In [None]:
!pip install datasets librosa torchaudio transformers lightgbm xgboost scikit-learn numpy pandas tqdm

In [None]:
import numpy as np
import pandas as pd
import librosa
import torch
import lightgbm as lgb
import xgboost as xgb
from tqdm import tqdm
from datasets import load_dataset
from sklearn.preprocessing import StandardScaler
from transformers import Wav2Vec2Model, Wav2Vec2FeatureExtractor
from scipy.special import softmax

In [None]:
dataset = load_dataset("SherryT997/IndicTTS-Deepfake-Challenge-Data")
train_data = dataset["train"]
test_data = dataset["test"]

In [None]:
def extract_mel_spectrogram(audio_array, sr):
    mel_spec = librosa.feature.melspectrogram(y=np.array(audio_array), sr=sr, n_mels=128, fmax=8000)
    return librosa.power_to_db(mel_spec, ref=np.max).mean(axis=1)

In [None]:
# Extract mel-spectrogram features from training data
X, y = [], []
for sample in tqdm(train_data, desc="Extracting mel features (train)"):
    X.append(extract_mel_spectrogram(sample['audio']['array'], sample['audio']['sampling_rate']))
    y.append(sample['is_tts'])
X = np.array(X)
y = np.array(y)

# Extract mel-spectrogram features from test data
X_test = []
test_ids = []
for sample in tqdm(test_data, desc="Extracting mel features (test)"):
    X_test.append(extract_mel_spectrogram(sample['audio']['array'], sample['audio']['sampling_rate']))
    test_ids.append(sample['id'])
X_test = np.array(X_test)

In [None]:
# LightGBM model on mel-spectrogram features
lgb_model = lgb.LGBMClassifier(n_estimators=500, learning_rate=0.05, max_depth=7)
lgb_model.fit(X, y)
lgb_train_preds = lgb_model.predict_proba(X)[:, 1]
lgb_test_preds = lgb_model.predict_proba(X_test)[:, 1]
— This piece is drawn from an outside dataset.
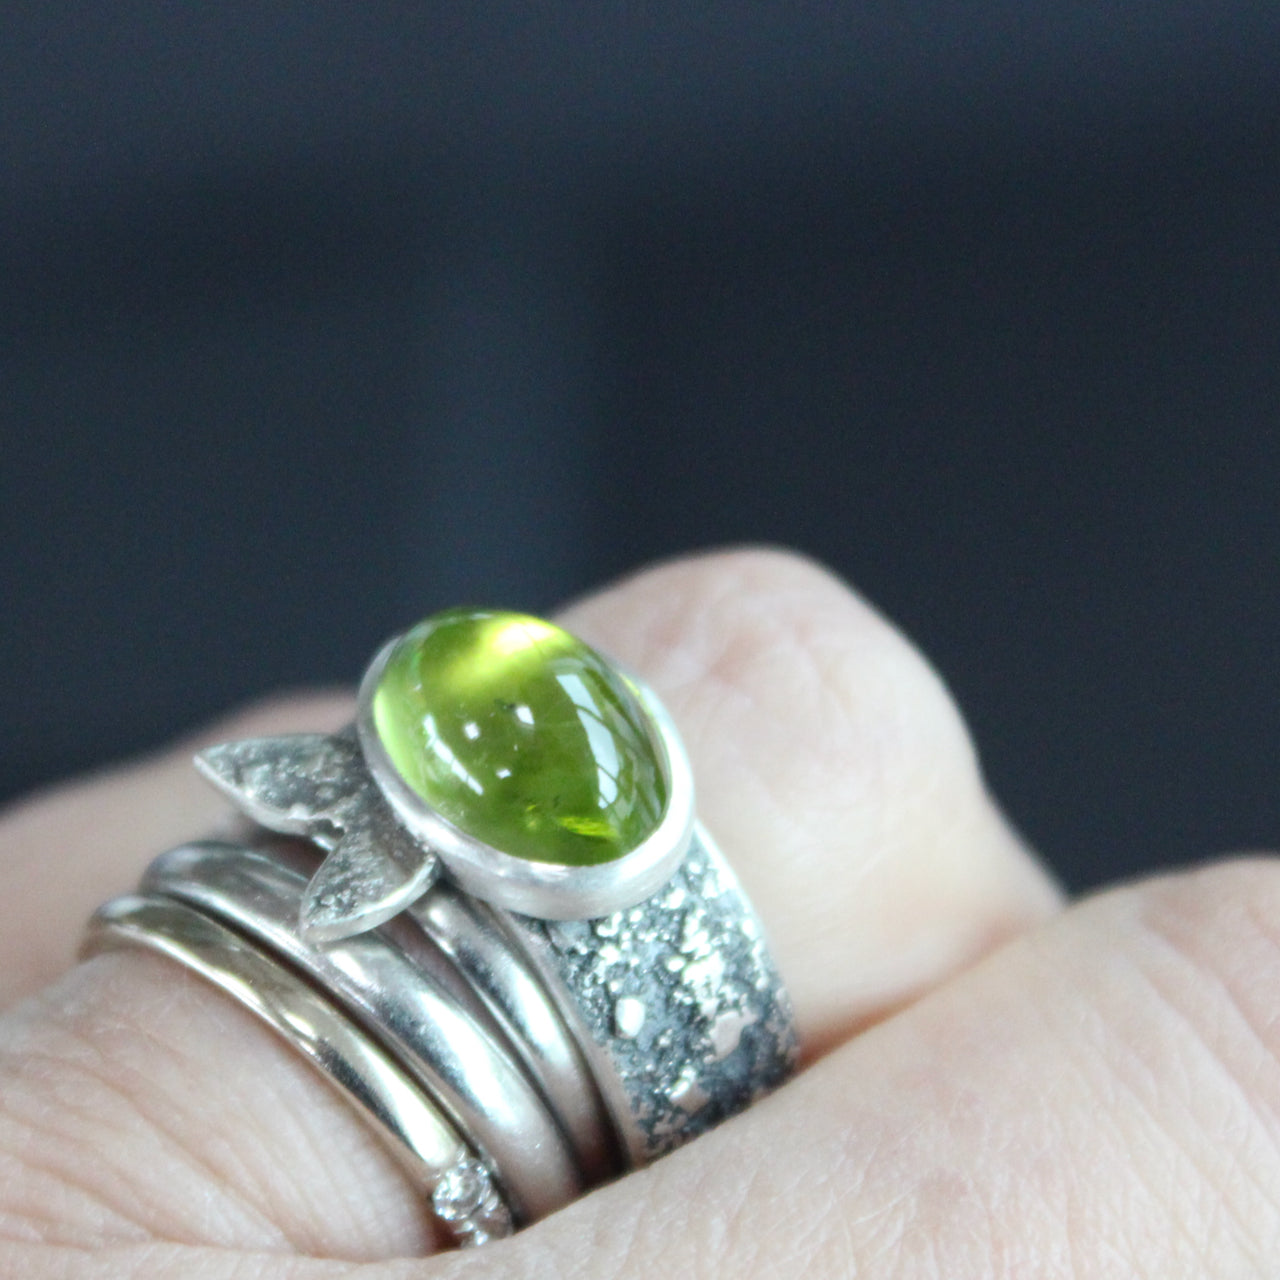 Carin Lindberg - Peridot ring in textured sterling silver with textured leaf detail shown being worn on a left hand with other dress rings.

# XGBoost model on mel-spectrogram features
xgb_model = xgb.XGBClassifier(n_estimators=500, learning_rate=0.05, max_depth=7, eval_metric='logloss')
xgb_model.fit(X, y)
xgb_train_preds = xgb_model.predict_proba(X)[:, 1]
xgb_test_preds = xgb_model.predict_proba(X_test)[:, 1]

device = torch.device("cuda" if torch.cuda.is_available() else "cpu")
print(f"Using device: {device}")

feature_extractor = Wav2Vec2FeatureExtractor.from_pretrained("facebook/wav2vec2-base-960h")
wav2vec_model = Wav2Vec2Model.from_pretrained("facebook/wav2vec2-base-960h").to(device)

def extract_wav2vec_features(data, desc="Extracting Wav2Vec2 features"):
    """Extracts Wav2Vec2 embeddings for each sample in the data."""
    features = []
    for sample in tqdm(data, desc=desc):
        waveform = torch.tensor(sample['audio']['array']).to(device)
        waveform = waveform.unsqueeze(0)  # Add batch dimension

        inputs = feature_extractor(
            waveform.cpu().numpy(),  # Feature extractor accepts numpy arrays
            return_tensors="pt",
            sampling_rate=sample['audio']['sampling_rate']
        )

        # Move inputs to GPU if available
        for key in inputs:
            inputs[key] = inputs[key].to(device)

        with torch.no_grad():
            # Take the mean of the last hidden state as embedding
            embeddings = wav2vec_model(**inputs).last_hidden_state.mean(dim=1).squeeze().cpu().numpy()
        features.append(embeddings)
    return np.array(features)

# Extract Wav2Vec2 embeddings for train and test datasets
wav2vec_features_train = extract_wav2vec_features(train_data, desc="Extracting Wav2Vec2 features (train)")
wav2vec_features_test  = extract_wav2vec_features(test_data,  desc="Extracting Wav2Vec2 features (test)")

# For simplicity, take the mean of embeddings per sample (you can change this aggregation if needed)
wav2vec_train_preds = wav2vec_features_train.mean(axis=1)
wav2vec_test_preds = wav2vec_features_test.mean(axis=1)

In [None]:
stacked_train = np.vstack([lgb_train_preds, xgb_train_preds, wav2vec_train_preds]).T
stacked_test  = np.vstack([lgb_test_preds,  xgb_test_preds,  wav2vec_test_preds]).T

# Scale the stacked features
scaler = StandardScaler()
stacked_train_scaled = scaler.fit_transform(stacked_train)
stacked_test_scaled  = scaler.transform(stacked_test)

# Train meta-model using the stacked predictions from the training set
meta_model = lgb.LGBMClassifier(n_estimators=100, learning_rate=0.05)
meta_model.fit(stacked_train_scaled, y)

# Predict on the test set using the meta-model
raw_meta_preds = meta_model.predict_proba(stacked_test_scaled)
meta_preds = softmax(raw_meta_preds, axis=1)[:, 1]

In [None]:
submission = pd.DataFrame({"id": test_ids, "is_tts": meta_preds})
submission.to_csv("submission.csv", index=False)
print("Submission file saved: submission.csv")